**Problem requirements**
Set down the final stretch of the data, from the line that holds "Palermo: FIAT 1200" through the last line, both included, with pictures left out.

**Provided material**
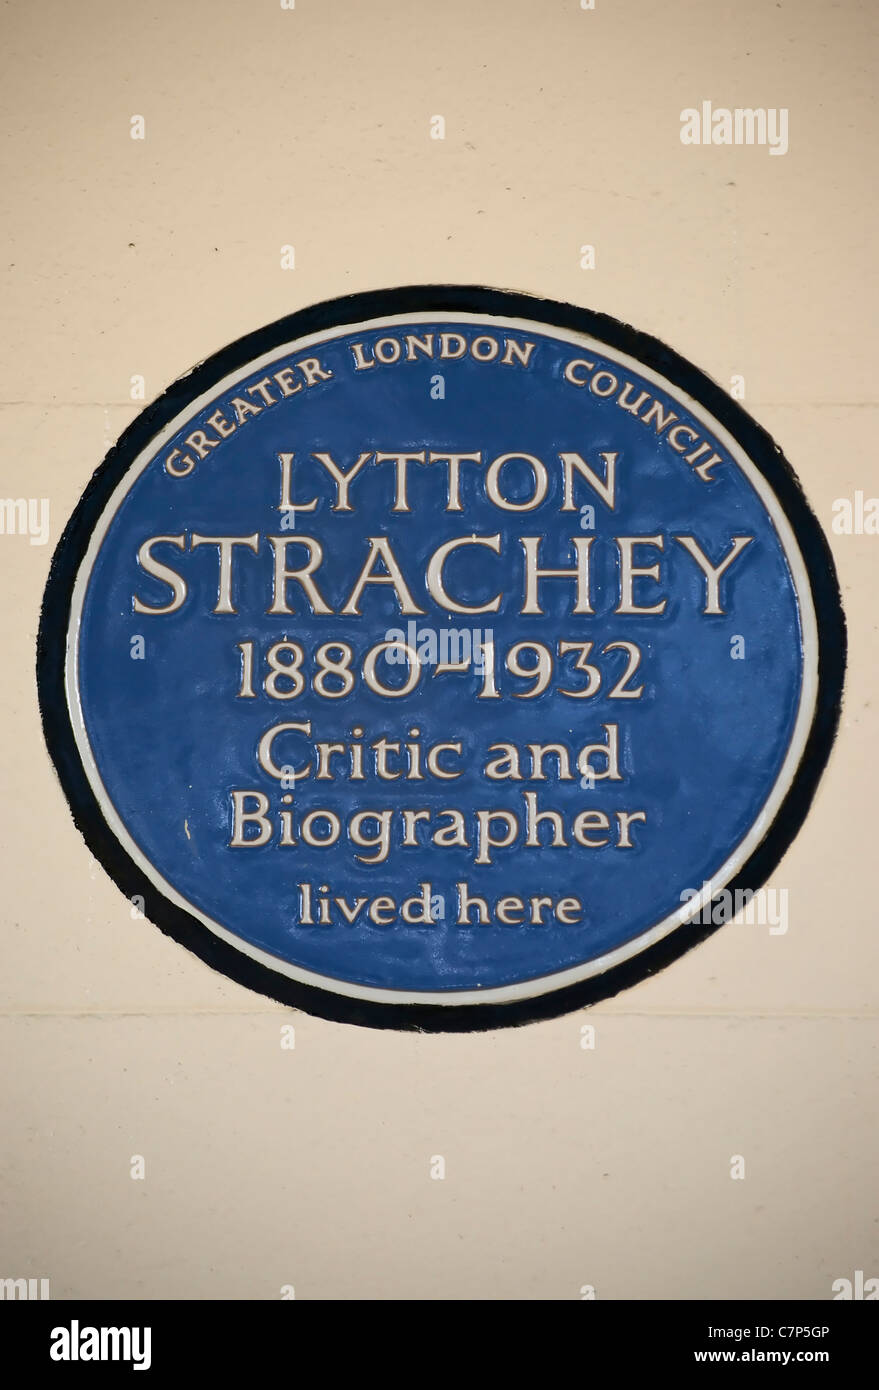 mehr London Rat blaue Plakette markiert ein Haus der Kritiker und Biograph Lytton Strachey, Gordon Quadrat, London, England Stockfoto
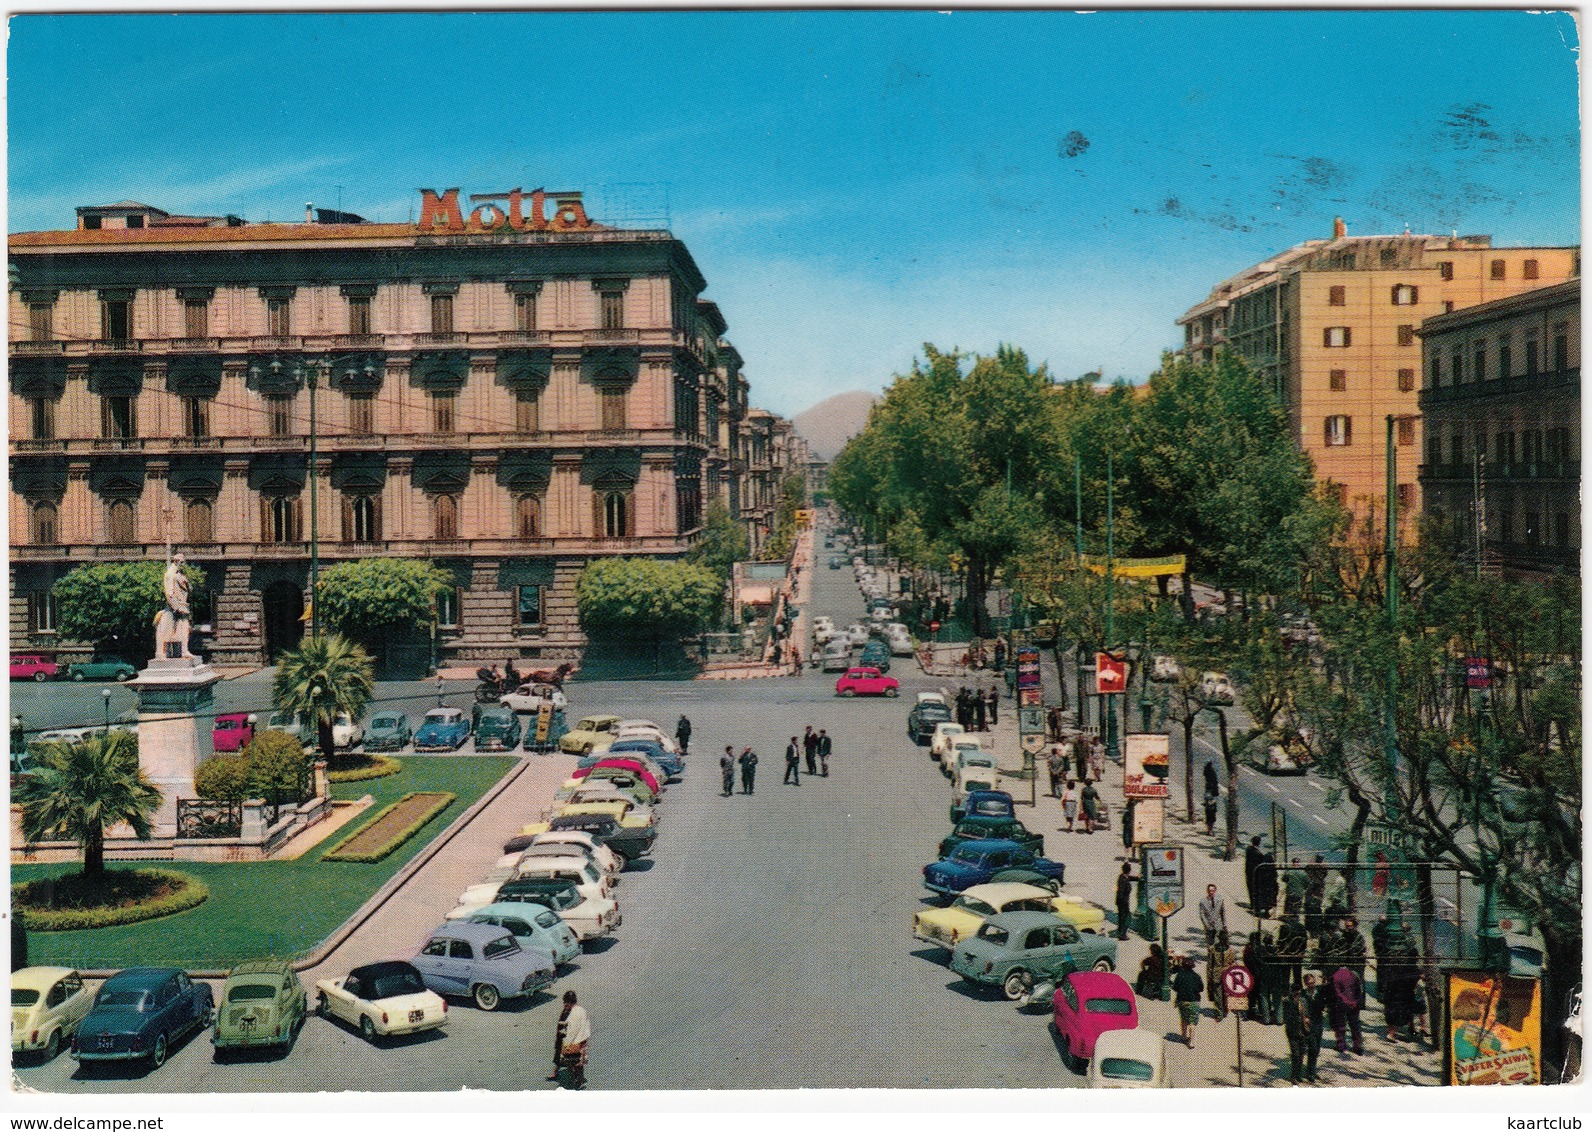 Palermo: FIAT 1200 CABRIOLET,600,1400,1100, OPEL REKORD P1, RENAULT DAUPHINE,FORD ANGLIA, INNOCENTI A40,MINI Via Libertà - Turismo
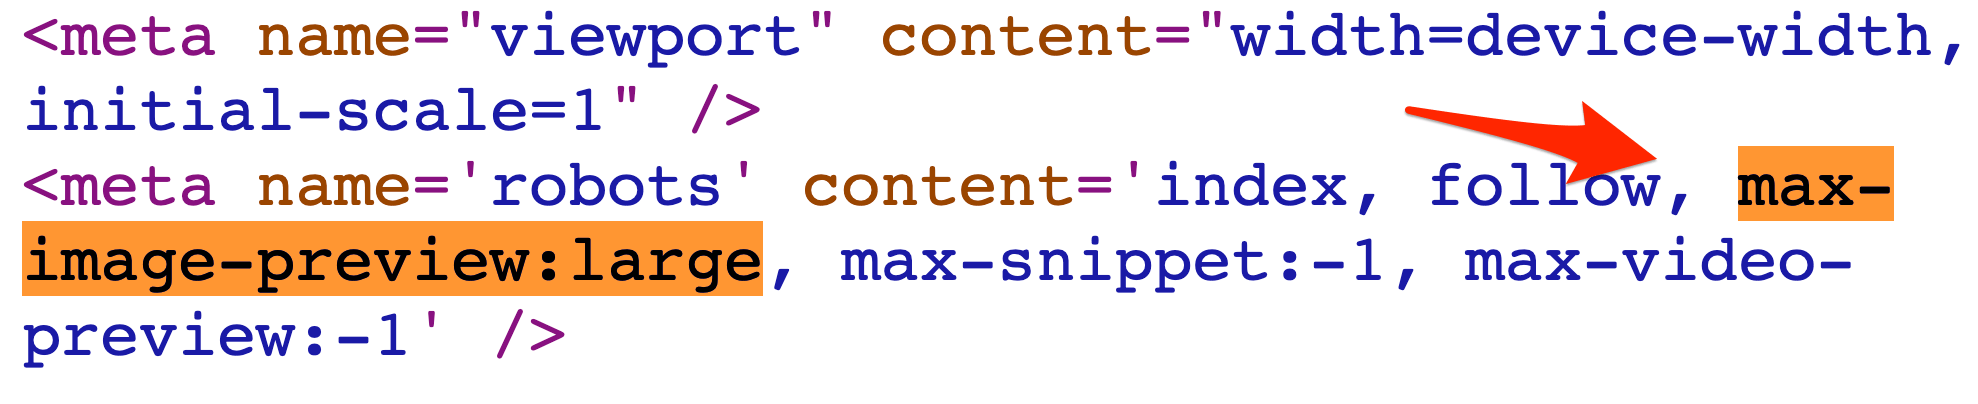 max-image-preview meta tag
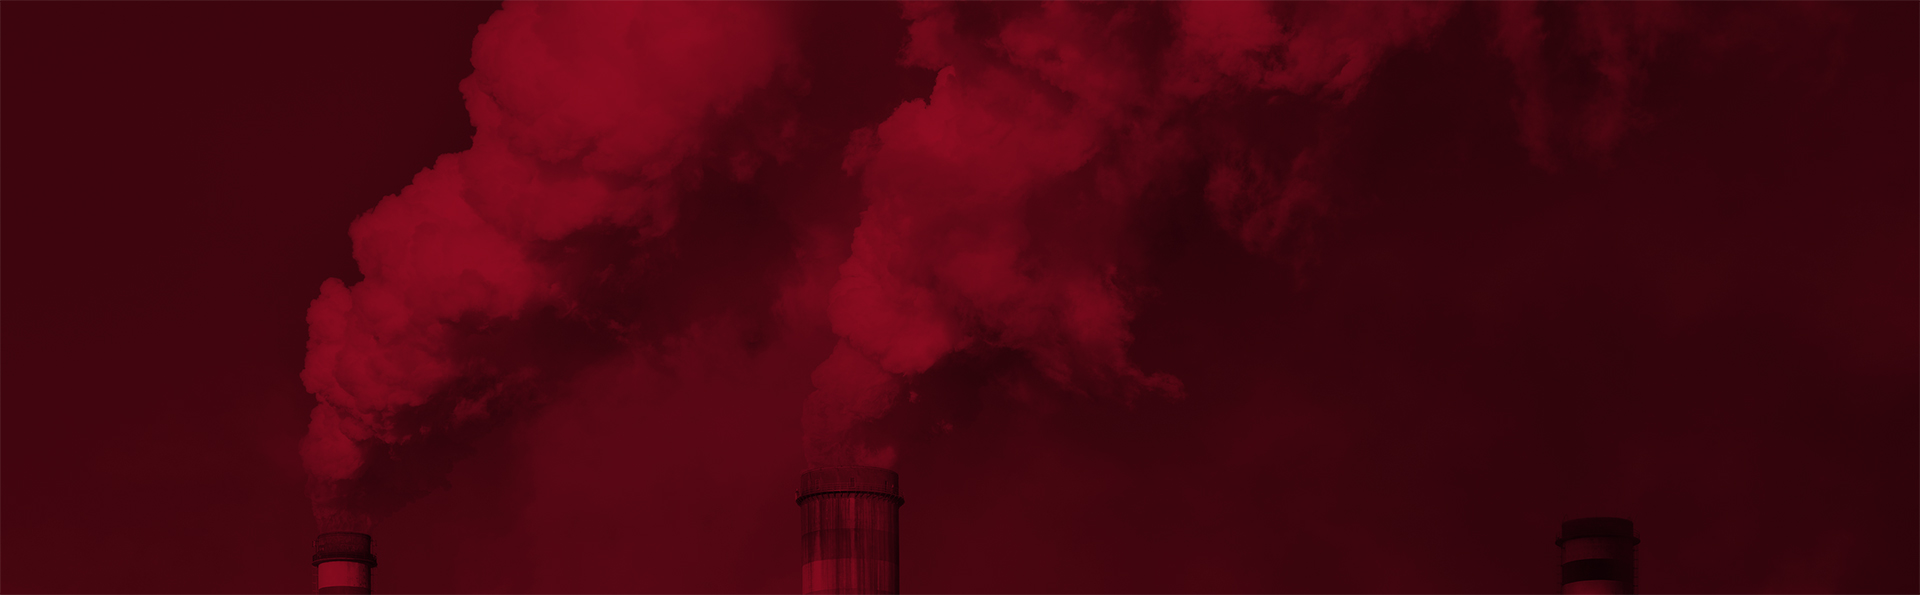 University of Houston: UH Energy Carbon Management: Panacea or Hype? Symposium Image

**Task solution**
 Palermo: FIAT 1200 CABRIOLET,600,1400,1100, OPEL REKORD P1, RENAULT DAUPHINE,FORD ANGLIA, INNOCENTI A40,MINI Via Libertà - Turismo
 max-image-preview meta tag
 University of Houston: UH Energy Carbon Management: Panacea or Hype? Symposium Image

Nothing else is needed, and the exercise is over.